Artífice de la demoledora Celebración, Thomas Vinterberg, sin alejarse demasiado de los preceptos dogmáticos que ayudó a instaurar a finales de los 90 como hiperrealista opción narrativa, vuelve a sacudirnos con la austeridad y la crudeza de un drama social que tiene su perturbadora fuerza no solo en su hiriente credibilidad, sino en su más que probable condición de historia inspirada en “frecuentes” hechos reales. Calumnias que pueden manchar, destrozar una vida impotente ante los ávidos y a menudo irracionales juicios sociales, simultáneos y paralelos a la justicia ordinaria y real. Y eso da miedo. Mucho. Porque nadie es inmune, nadie está libre de sospecha cuando el oprobio es infundado, y la indefensión en esos casos es terrorífica y desesperadamente absoluta. Una angustiosa sensación de asfixia que se erige en el motor dramático del film, que impregna cada centímetro del patio de butacas, y nos hace compartir esa ansiedad que mata de pura impotencia (la escena de la iglesia es paralizante). Rabia y desesperación que fácilmente pueden hacer aflorar el monstruo interior y salvaje que nos habita a todos, y que al emerger nos podría hacer perder las razones de la inocencia; aunque cualquiera de nosotros lo justificaría dadas las circunstancias.

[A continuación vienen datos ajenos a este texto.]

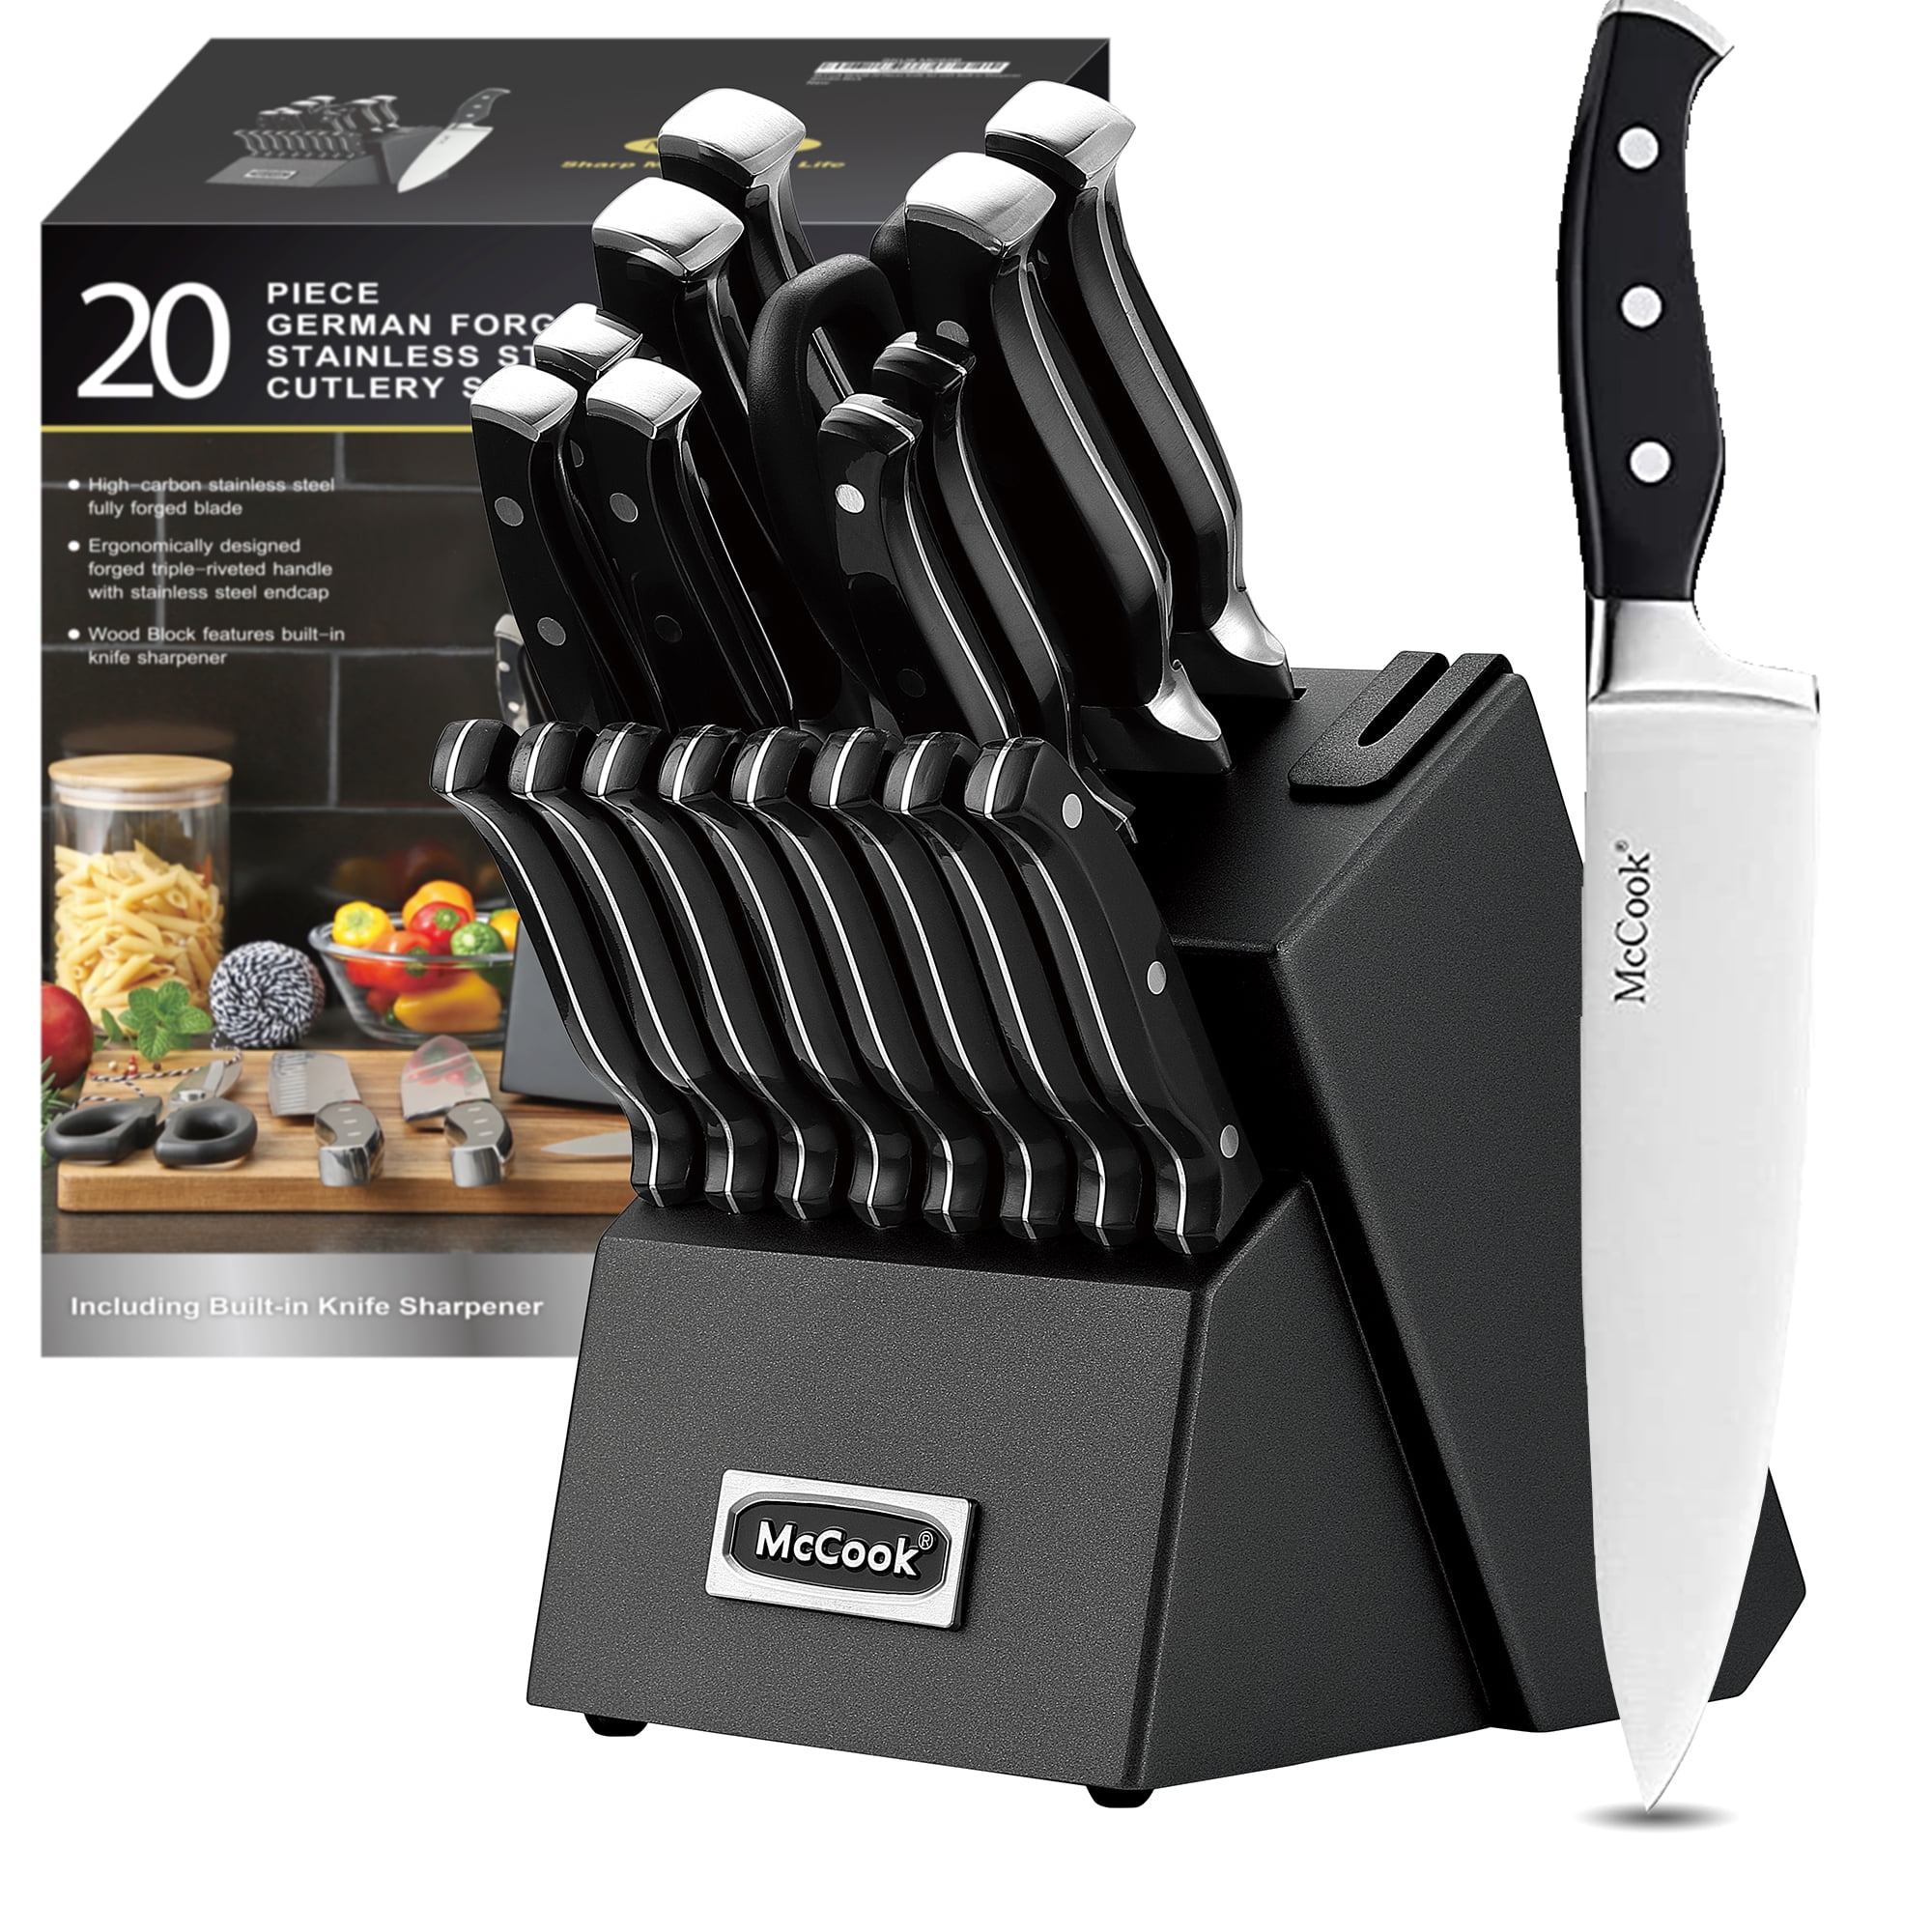 Knife Sets,McCook MC65B 20 Piece German Stainless Steel Forged Kitchen Knife  Block Set, Cutlery Set with Black Block

El trabajo de Mads Mikkelsen al frente del reparto es algo más que formidable. Es una lección de contención anímica al límite. Un portentoso ejercicio de fuerza dramática transmitido en formato casi minimalista. Sin estridencias. Atónito ante la pesadilla, prefiere asomarse al abismo de la inmolación, cuyas primeras piedras proceden de anónimas manos amigas, antes que abandonar su entorno y, de algún modo, reconocer la mentira en su huída.
No desvelaremos aquí la ignominia que provoca el drama, por si alguien aún no lo sabe, pero asusta pensar lo frágiles y vulnerables que pueden ser los límites de la sinrazón.